Celebrado em 26 de junho, o Dia Nacional do Diabetes chama atenção para uma doença que continua sendo um desafio de saúde pública. No Maranhão, 4.153 internações por Diabetes Mellitus (DM) foram registradas em 2025 entre pessoas com 18 anos ou mais, segundo dados da plataforma Monitora, da Secretaria de Estado da Saúde. O número reforça a necessidade de ampliar a prevenção e o diagnóstico precoce, já que especialistas alertam que o desenvolvimento da doença está associado a fatores que vão muito além do consumo de açúcar.

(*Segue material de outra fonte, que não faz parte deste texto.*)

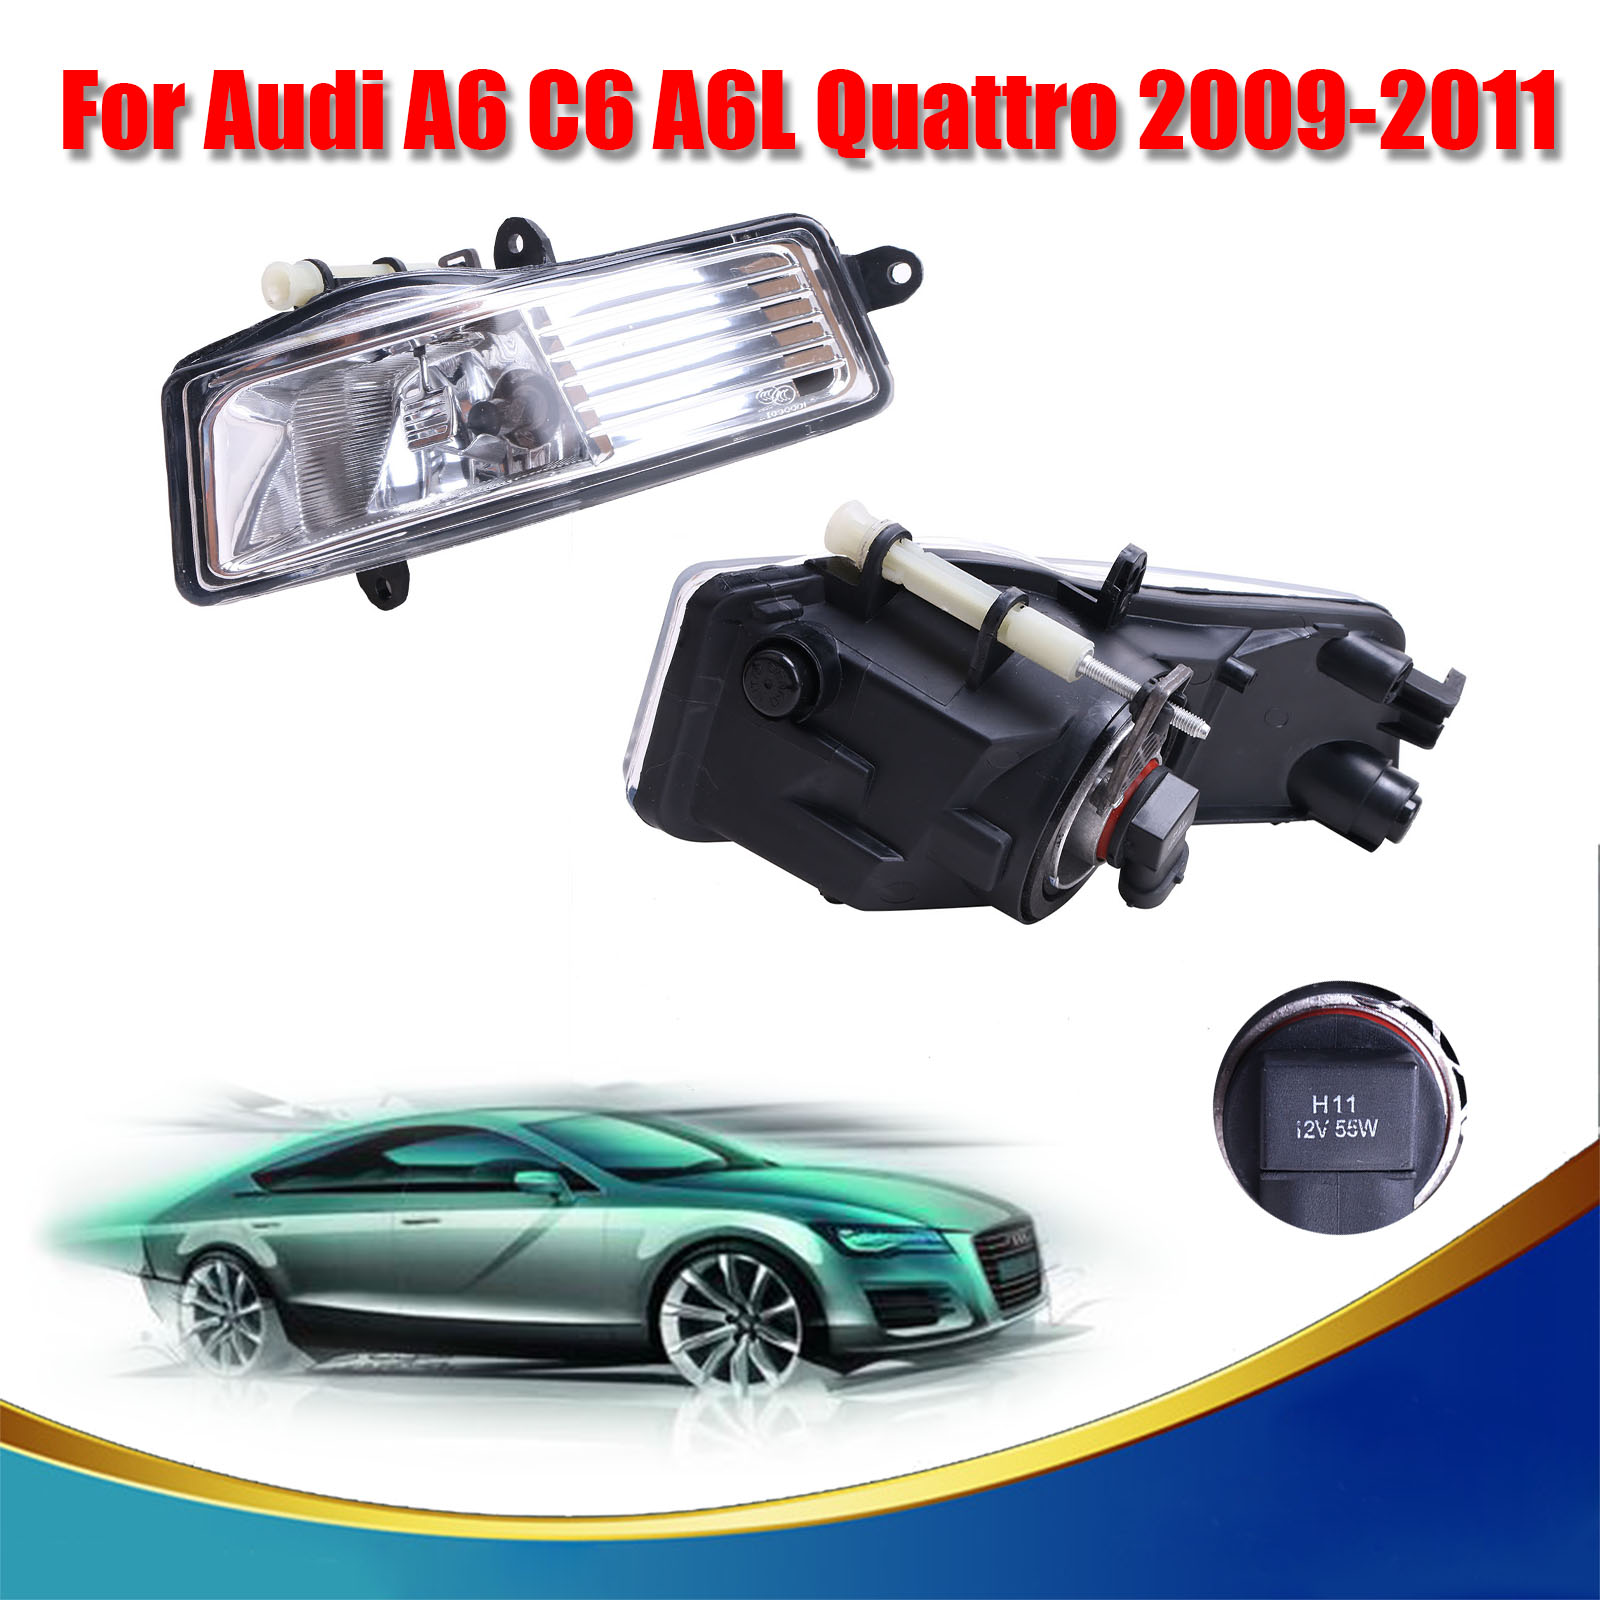 Oem 4fd941699a 4fd9416700a 2x front fog light lamp set for audi a6 c6 a6l quattro 2009

Um dos principais sinais de alerta é a pré-diabetes, condição em que os níveis de glicose no sangue estão acima do normal, mas ainda não atingem os critérios diagnósticos para diabetes tipo 2. Na maioria dos casos, o quadro se desenvolve de forma silenciosa, sem sintomas evidentes, o que dificulta a identificação precoce e aumenta o risco de progressão da doença.
“Antes de tudo, devemos lembrar que pré-diabetes não é pré-doença. Já é um quadro de glicemia alterada que precisa ser tratado, seja por meio de mudanças no estilo de vida, orientação alimentar ou, em alguns casos, medicamentos”, explica a médica Renata Bussuan, coordenadora nacional da Pós-Graduação em Endocrinologia da Afya Educação Médica São Luís.
Entre os fatores de risco frequentemente ignorados está o acúmulo de gordura abdominal. Diferentemente da gordura localizada sob a pele, a gordura visceral se concentra ao redor dos órgãos e produz substâncias inflamatórias que dificultam a ação da insulina, favorecendo o desenvolvimento da resistência insulínica e o aumento da glicose no sangue.
A especialista também chama atenção para alterações discretas em exames laboratoriais que muitas vezes passam despercebidas. Valores de glicemia de jejum entre 100 e 125 mg/dL ou de hemoglobina glicada entre 5,8% e 6,4% já indicam um estado de alerta. Em alguns casos, o teste oral de tolerância à glicose é o primeiro exame a identificar que o organismo está enfrentando dificuldades para processar adequadamente a glicose.
“Há pacientes com glicemia de jejum normal e hemoglobina glicada levemente aumentada, mas que já apresentam alterações importantes após a sobrecarga de glicose. Na prática, isso mostra que o organismo já está tendo dificuldade para lidar adequadamente com a glicose, mesmo antes do aparecimento do diabetes”, afirma Renata Bussuan.
Além da gordura abdominal, o excesso de peso, o sedentarismo e o histórico familiar de diabetes tipo 2 estão entre os fatores mais associados ao desenvolvimento da pré-diabetes. A combinação desses elementos favorece a resistência à insulina e aumenta significativamente o risco de evolução para o diabetes.
Outro aspecto que preocupa os especialistas é a mudança no perfil dos pacientes. “Antigamente era considerada uma condição de pessoas mais velhas. Atualmente encontramos resistência à insulina e pré-diabetes em adultos jovens, adolescentes e até crianças com obesidade”, alerta a coordenadora.
Apesar do cenário preocupante, a pré-diabetes pode ser revertida. Estudos mostram que mudanças consistentes no estilo de vida reduzem significativamente o risco de progressão para o diabetes tipo 2. Segundo Renata Bussuan, é justamente nessa fase que existe a maior oportunidade de intervenção. “Em muitos pacientes observamos normalização da glicemia, da hemoglobina glicada e melhora importante da resistência à insulina”, destaca.
Entre as medidas mais eficazes estão a prática regular de atividade física, a manutenção do peso adequado e uma alimentação equilibrada, com prioridade para alimentos ricos em fibras, vegetais e proteínas magras e redução do consumo de ultraprocessados e bebidas açucaradas.
“A atividade física é uma das ferramentas mais poderosas que temos na prevenção do diabetes. Quando o músculo se contrai durante o exercício, ele passa a captar glicose de forma muito mais eficiente. Além disso, melhora a sensibilidade à insulina, reduz a gordura visceral, diminui a inflamação e reduz o risco cardiovascular”, explica.
“A combinação entre alimentação saudável e atividade física continua sendo a estratégia mais eficaz para evitar que a pré-diabetes evolua para diabetes tipo 2”, conclui Renata Bussuan.